In participating with Bernadette of Haddon Musings, I’m doing the post Thankfulness Mondays early,  because I was nominated for the Mystery Blogger award, by Cheri of Joyously Hopeful, who writes beautifully about many things, but especially of children with special needs. She is the mother of a child with autism and does so,to encourage and inform others  about autism.

Although I don’t participate in the award process, I do acknowledge and am thankful to Cheri for the nomination.

While I don’t actually take part anymore the questions she was asking the nominees, got me thinking so I thought I would answer them, in a post

Note….After doing the first one, I realize I can’t do all of them in one post, as it would be too long, I  will do the others at a later date.
  1. What is a cause that is worth dedicating your life to?
  2. What’s your “Back in my day, we…”?
  3. If coffee was illegal, what would its street name be?
  4. What movie title best describes your life?
  5. Which way should toilet paper hang, over or under?

1.  I can say that I have a personal cause or goal for my life, and one for outside my own world. The personal one is to encourage and perhaps have some influence in my grandchildren and great-grandchild’s life. My desire for them is to realize what the most important things in life are; to love and support ‘unconditionally’  their family,  especially during difficult times when it’s not so easy to do, and to care and have compassion for everyone.

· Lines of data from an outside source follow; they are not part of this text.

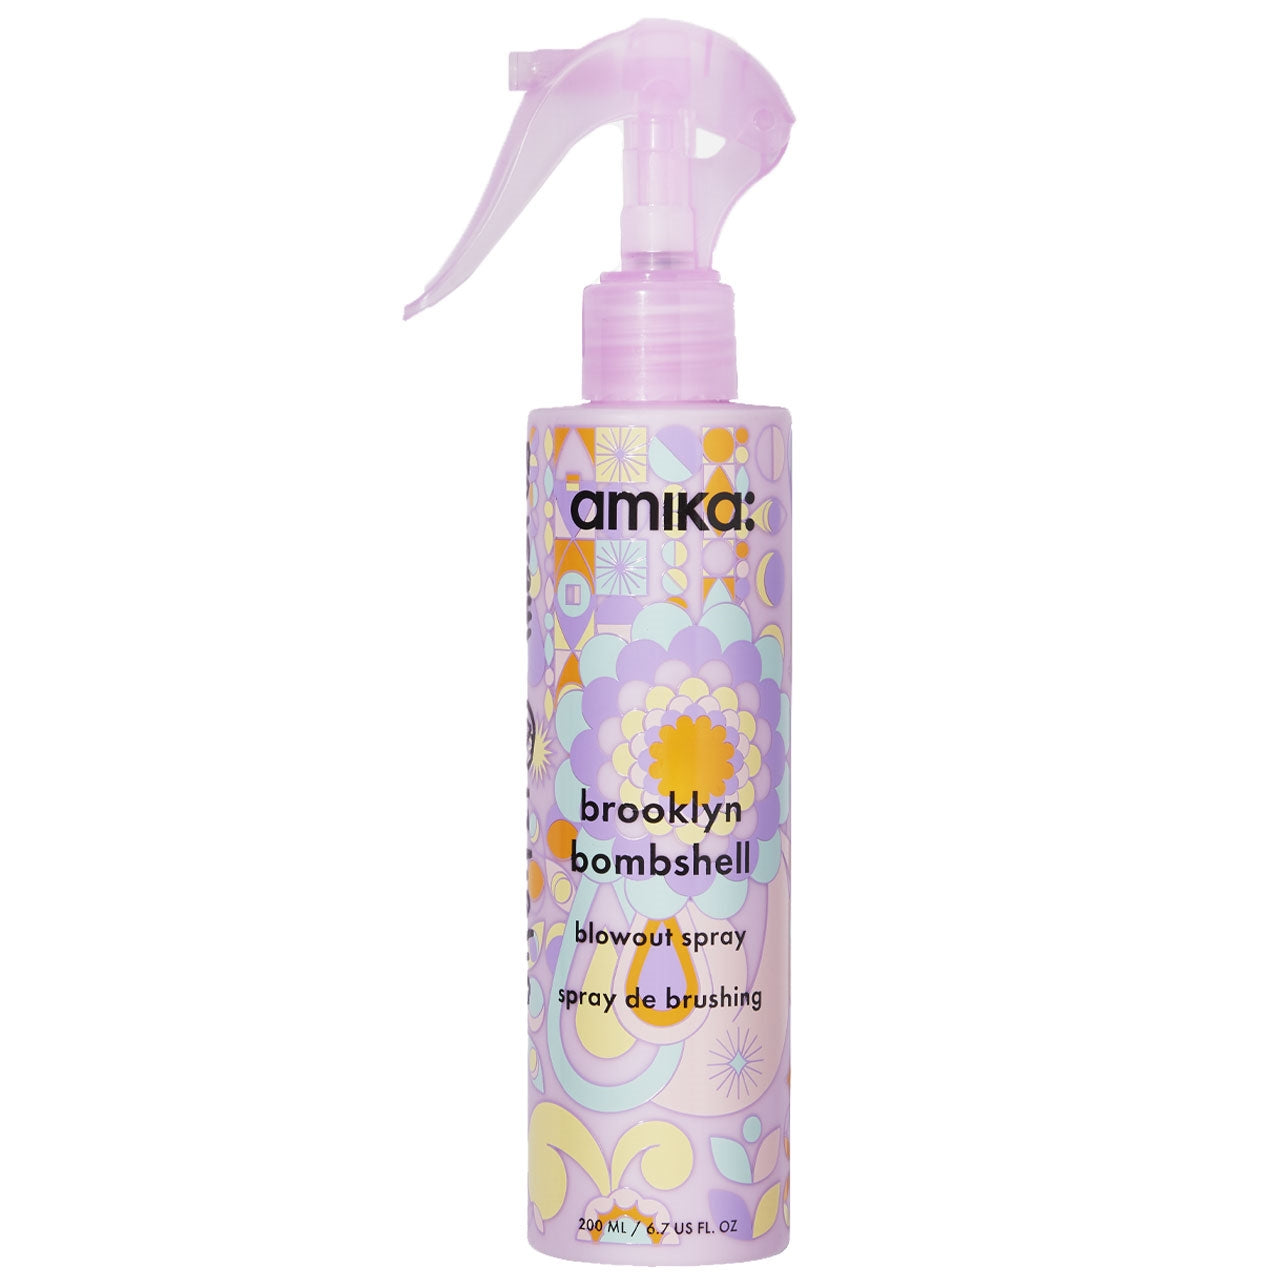 amika: brooklyn bombshell blowout spray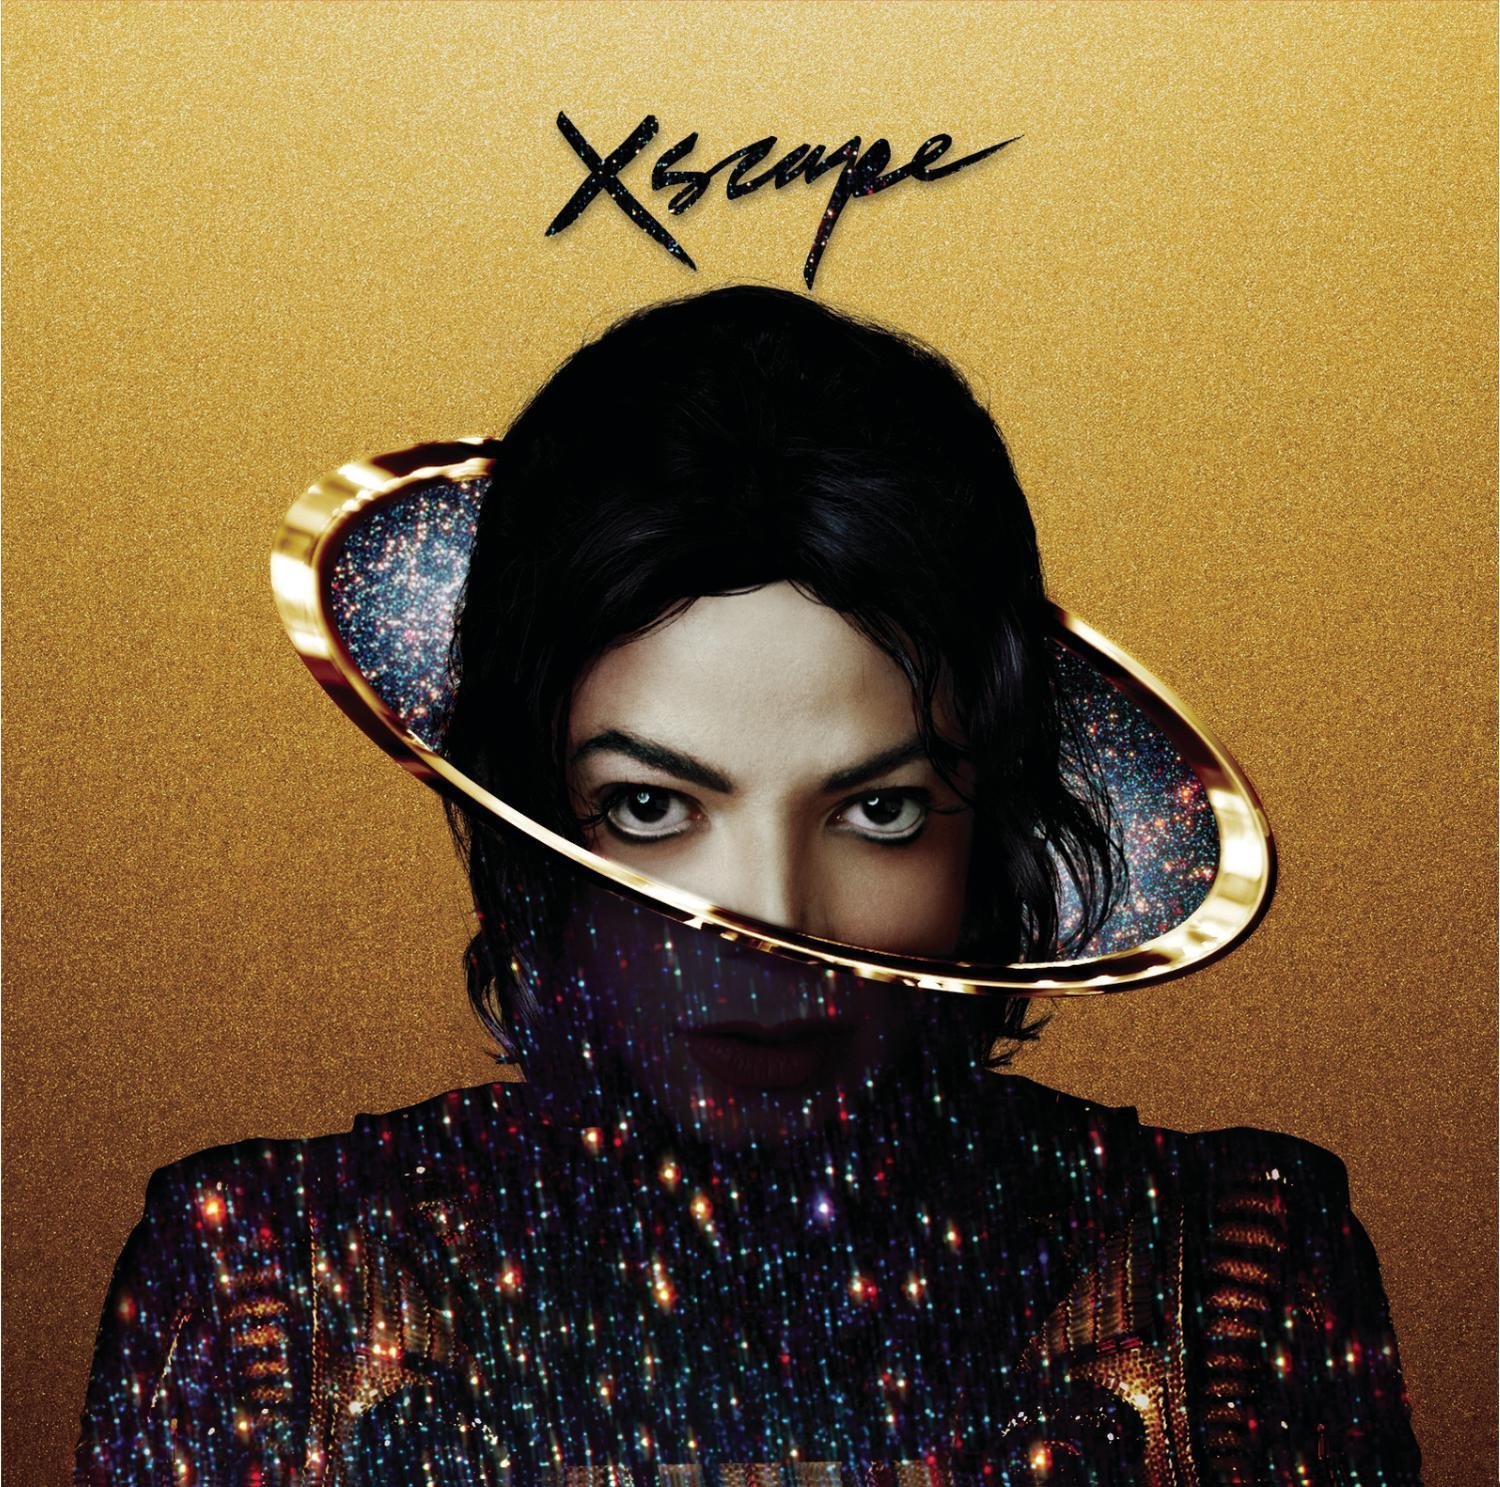 Michael Jackson “Xscape” Documentary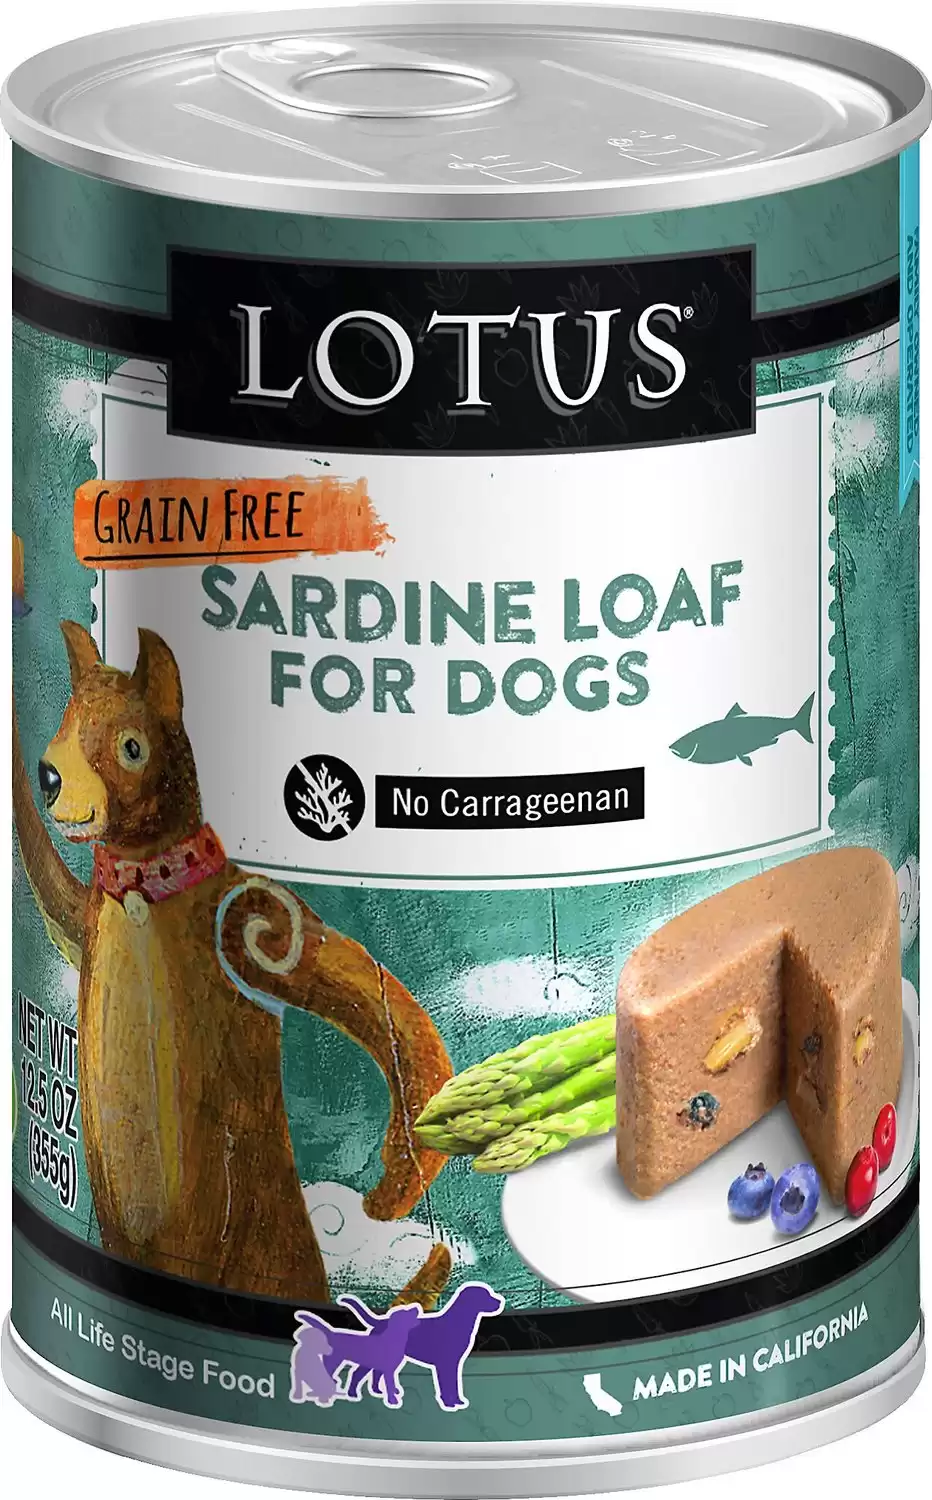 Lotus Sardine Loaf Grain-Free Canned Dog Food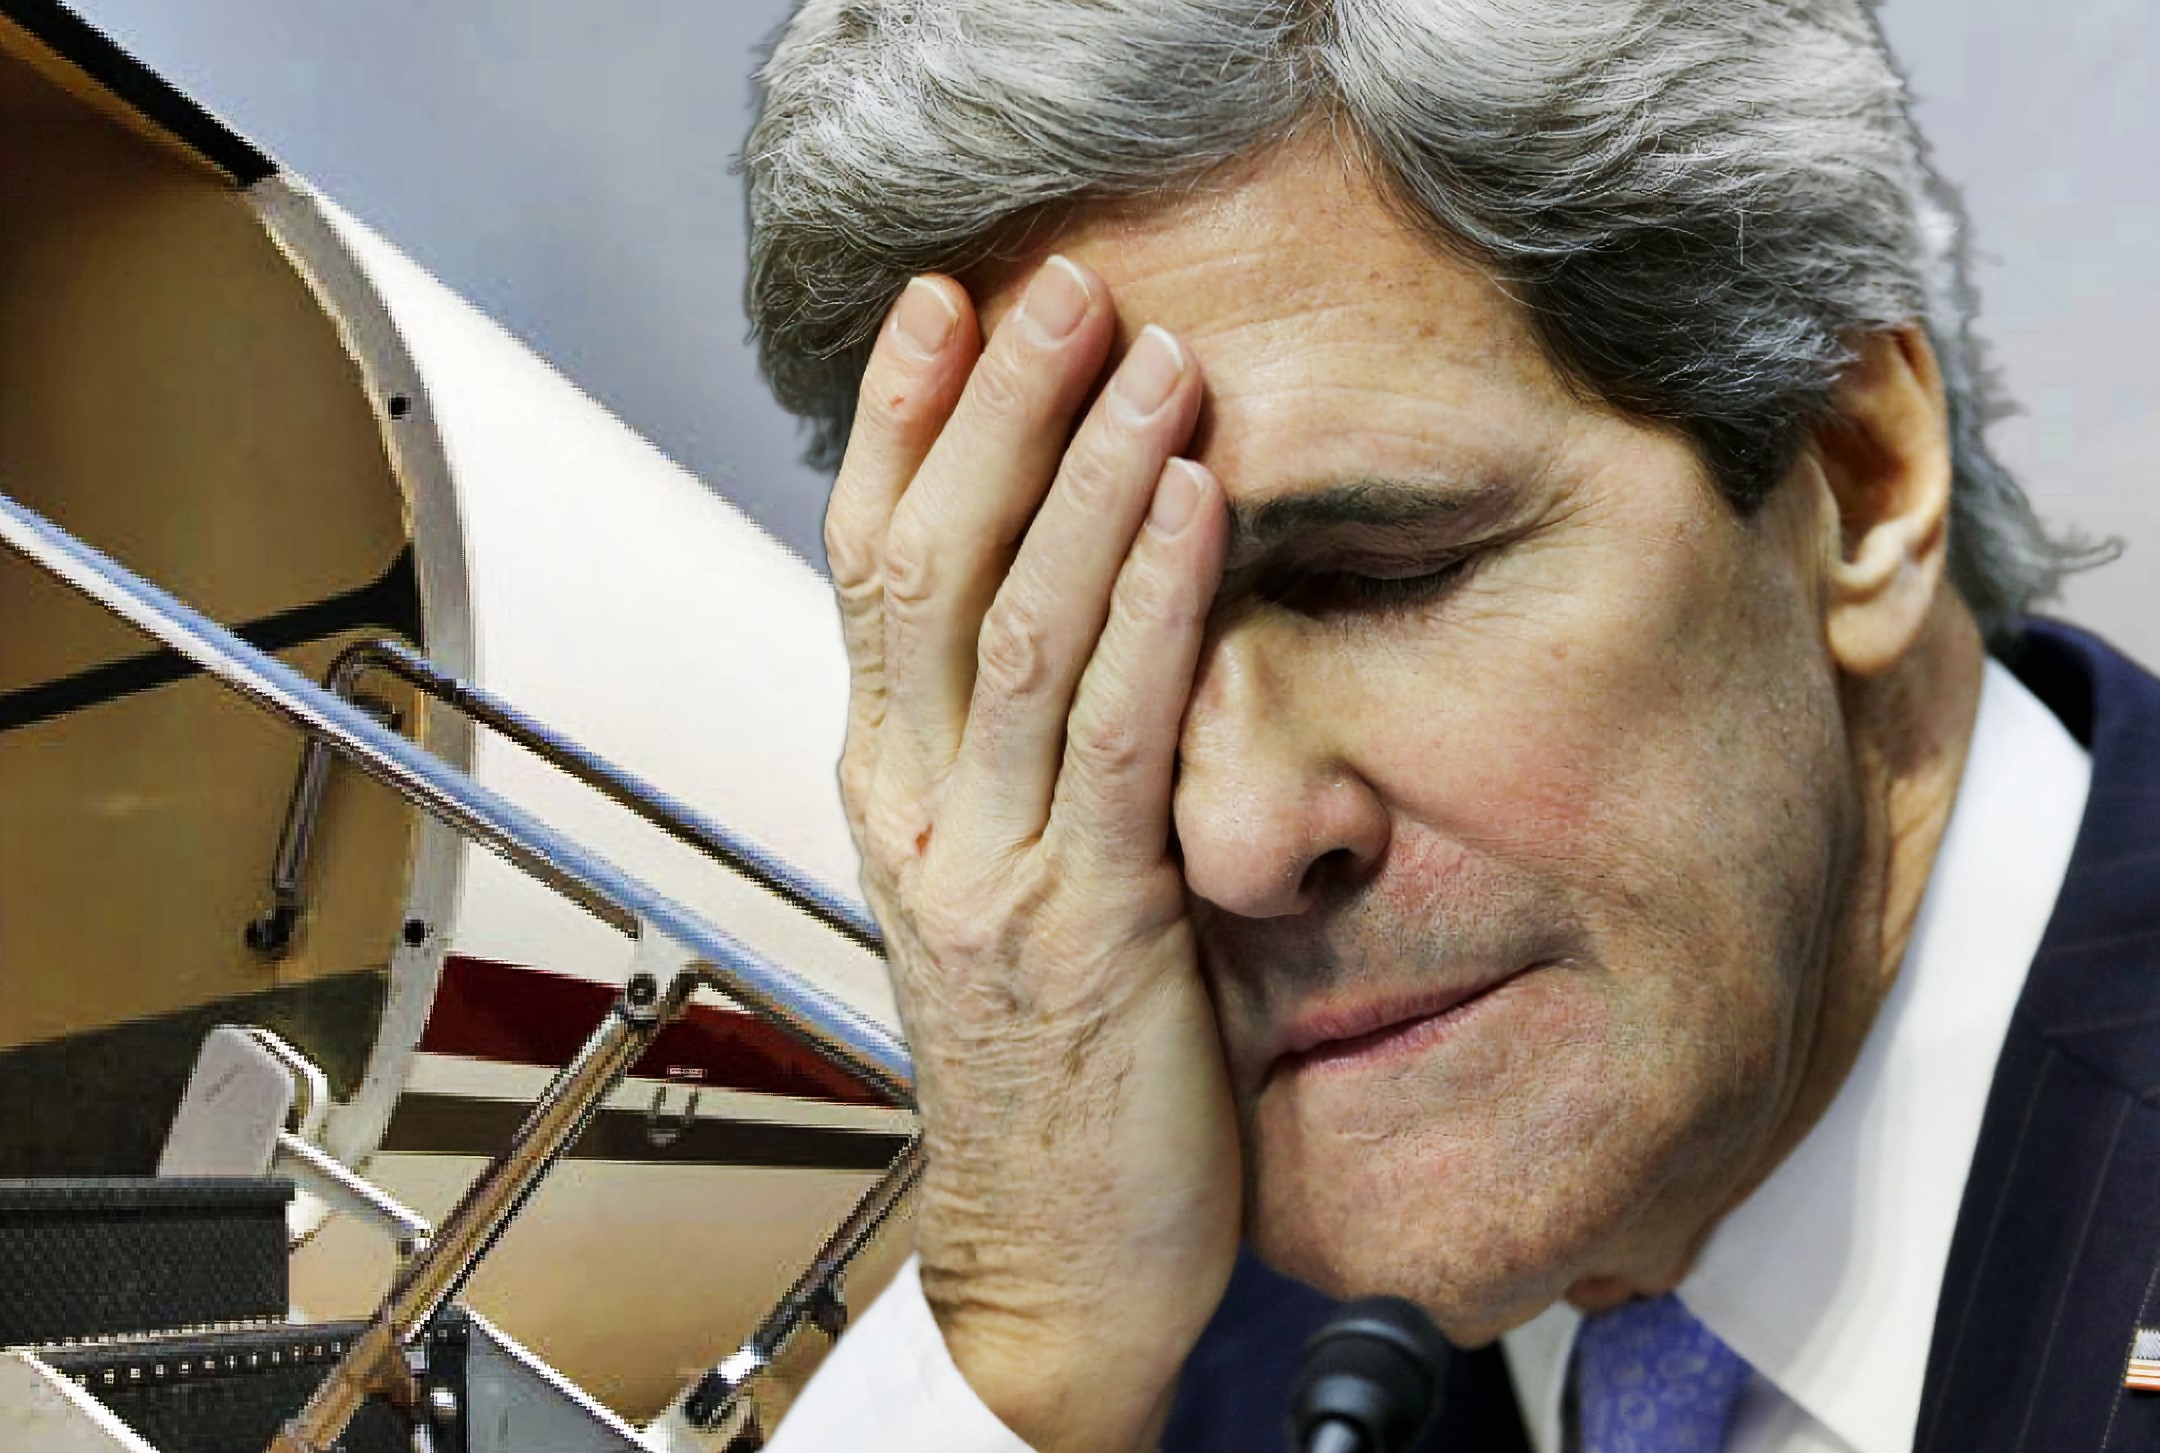 Photo edit of John Kerry and his private jet. Credit: Alexander J. Williams III/Popacta.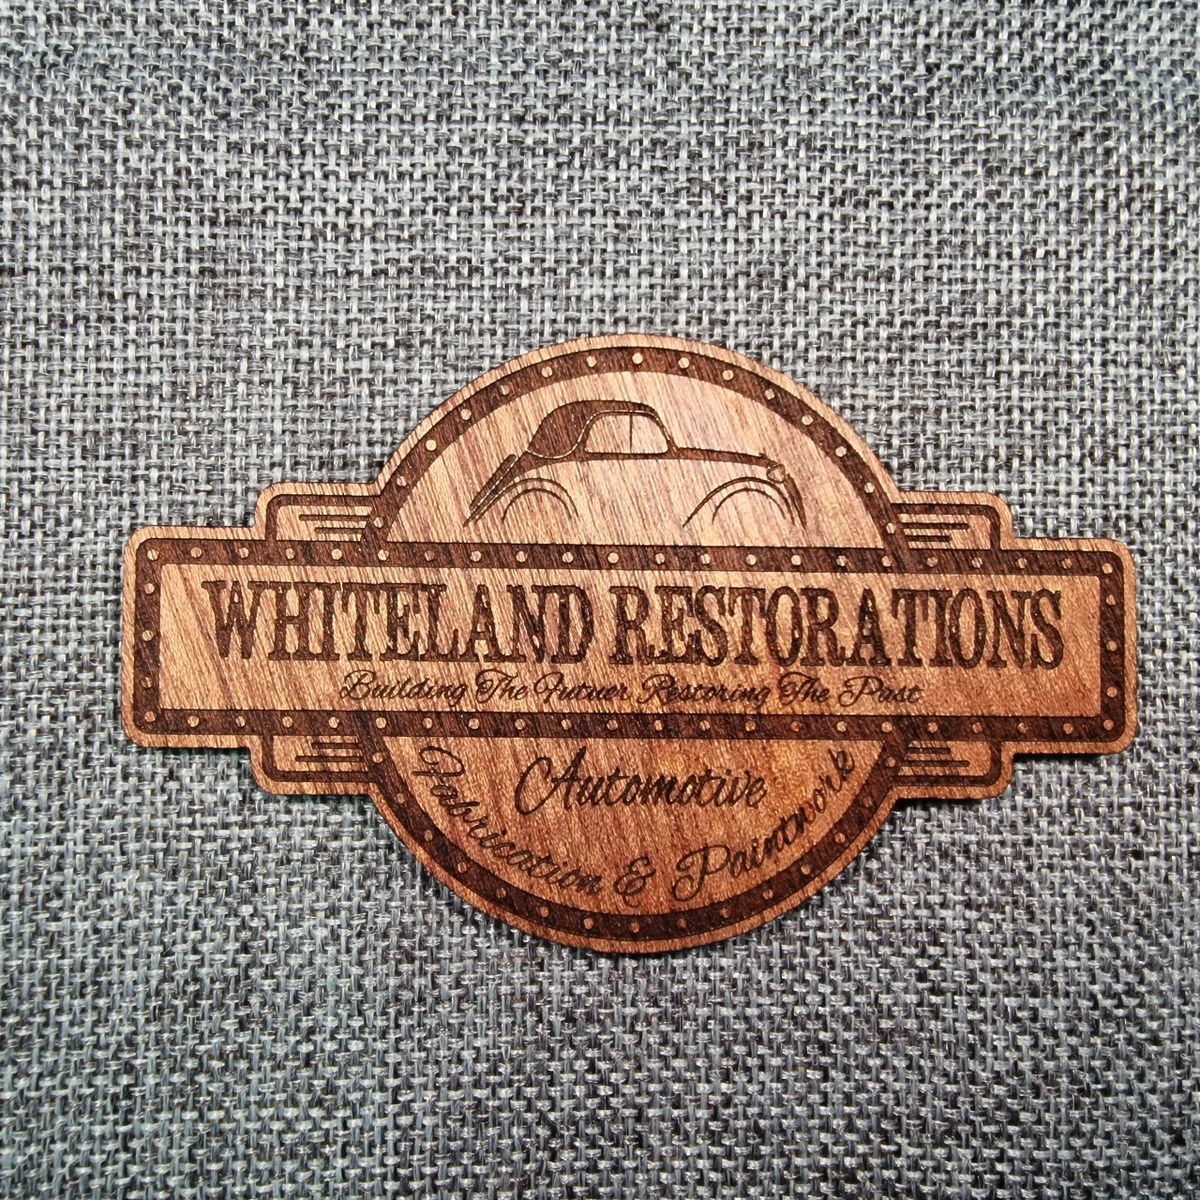 Whiteland Restorations Signiture Fridge Magnet

 My hope  and prayer also, is that they will want God to be an important part in the years ahead, in all that they do 

6 of our grandchildren

6 of our grandchildren

The other cause that has been part of me, and impacts me is the plight of those in other parts of the world, or even in our own country who are without hope or justice. Those who don’t have even the basic necessities of life. I worked for many years for a Christian non-profit organization World Vision, and it gave me joy to be a part of helping in some way. We still participate in sponsoring a child and their community.

I’ll leave it there….oh except I think I will answer #5… ‘under’ of course; it’s the only way to go !   ha!